Requires a redeploy (modal deploy your_inference_app.py) — the change is local until the new container config is uploaded.

Why this works:

  • Modal still scales horizontally under concurrent load (10 concurrent client requests → ~10 containers).
  • Each container's Unsloth + Gemma 4 model only ever sees one generate() at a time → no static KV cache races, no dynamo retracing.
  • Per-container cost is unchanged (one GPU either way); total wall-clock time matches what max_inputs=5 was attempting.

This is not a Modal bug or an Unsloth bug — it's an emergent incompatibility.
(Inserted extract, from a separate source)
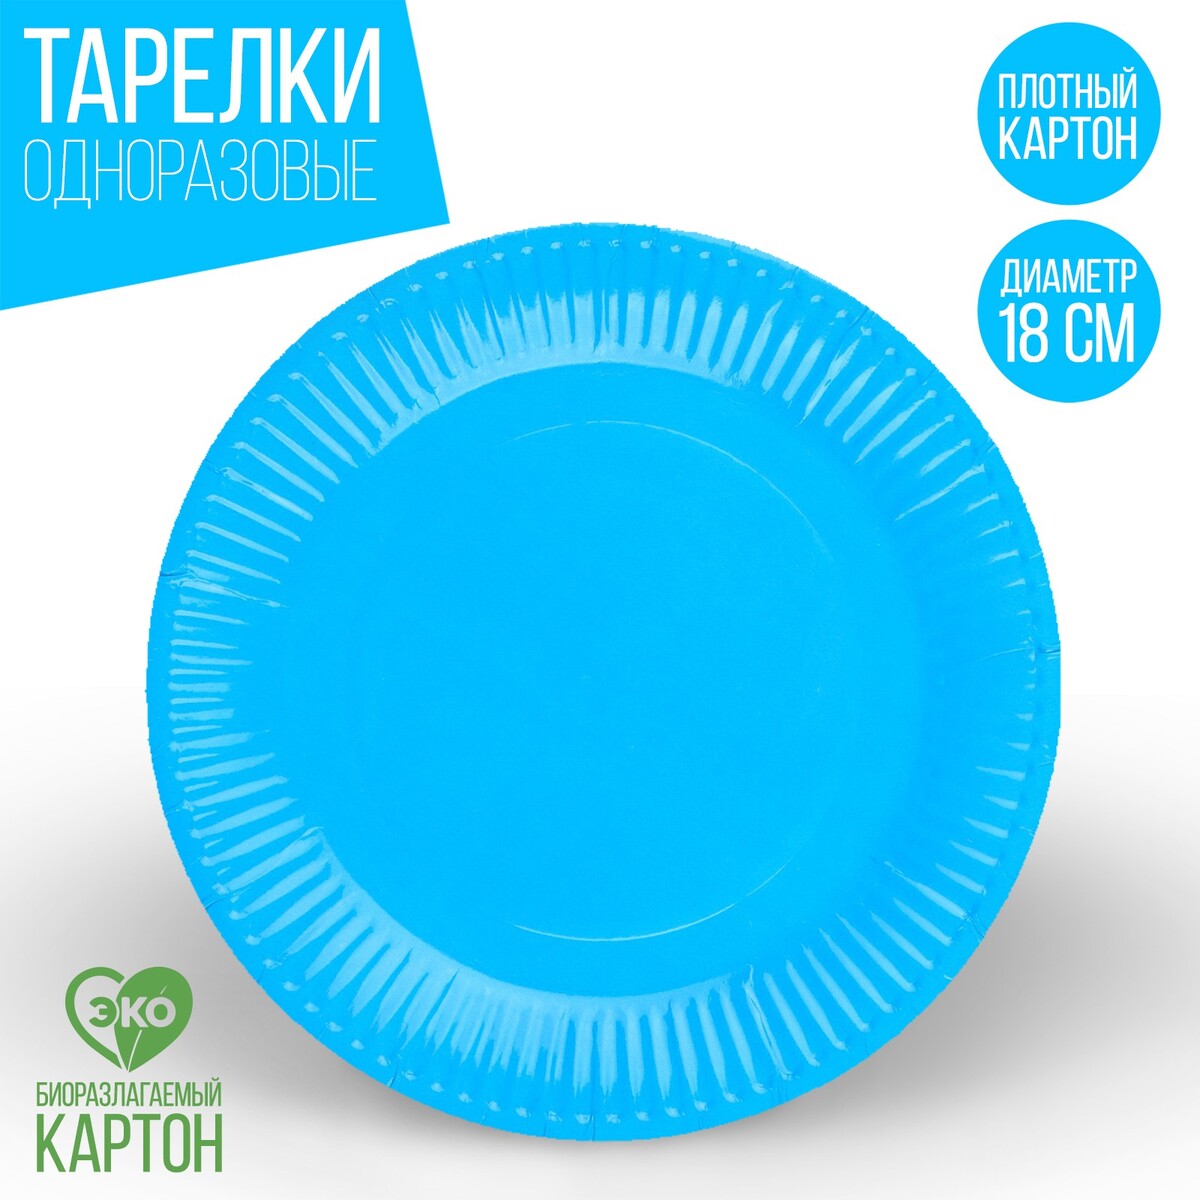 Тарелка одноразовая бумажная однотонная, голубой цвет 18 см, набор 10 штук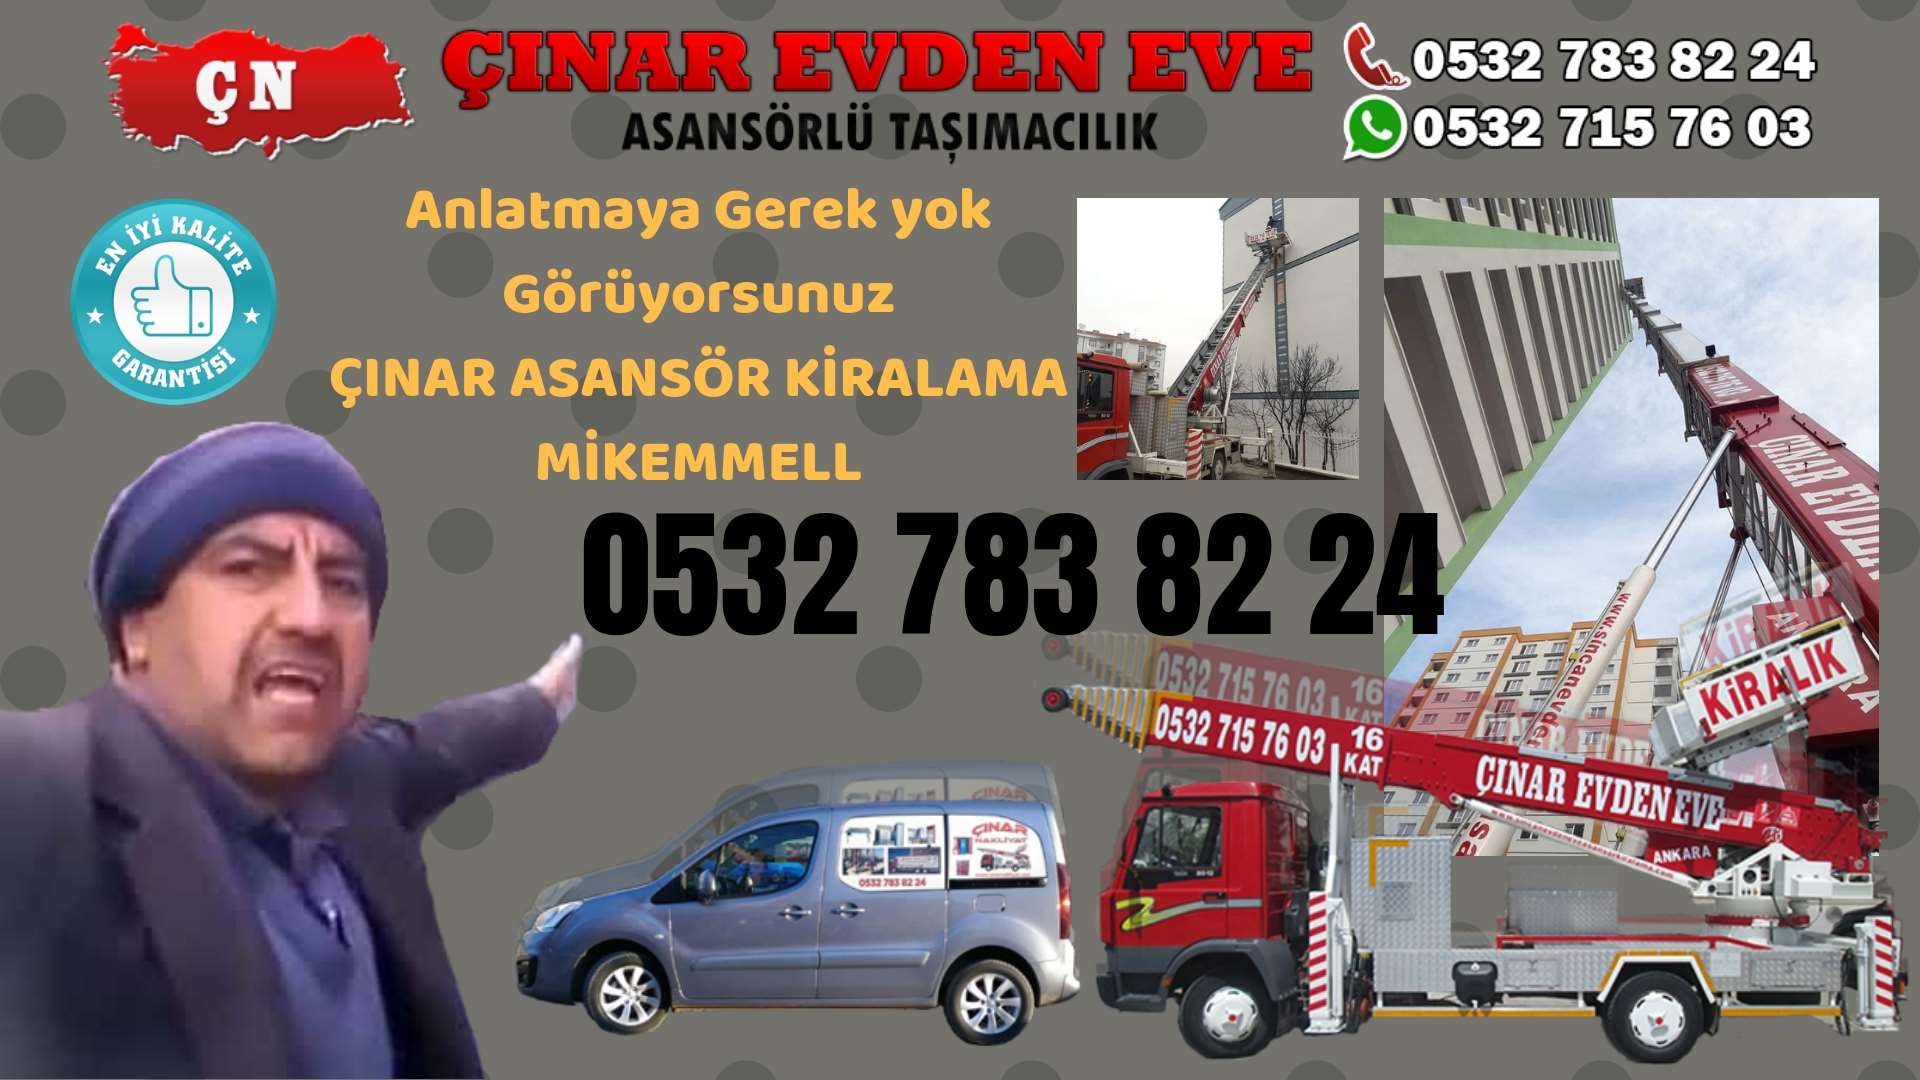 Ankara Etimesgut Ankara asansör kiralama hizmeti sizlere başta kalite ve maddi acıdan tasarruf 0532 715 76 03

The same pattern will bite Llama / Qwen / Mistral on Unsloth, and any model loaded via transformers with a torch.compile'd forward pass. The general rule: for model-serving classes on Modal, default to max_inputs=1 unless you've explicitly verified your model framework supports concurrent forward passes in the same Python process. Transformers/Unsloth do not. vLLM and SGLang do (they have their own batched-decoding schedulers), but you wouldn't use @modal.concurrent for those — they'd manage batching internally.

Document the constraint inline so it doesn't get bumped back:

# Gemma 4 + Unsloth use a static KV cache and torch.compile-traced forward
# pass; neither is thread-safe across concurrent .generate() calls in the
# same Python process. Pin to 1 input per container — model-level parallelism
# comes from Modal spawning more containers, not intra-container batching.
# Bumping this back to >1 will silently break under concurrent load.
@modal.concurrent(max_inputs=1)
class Inference:
    ...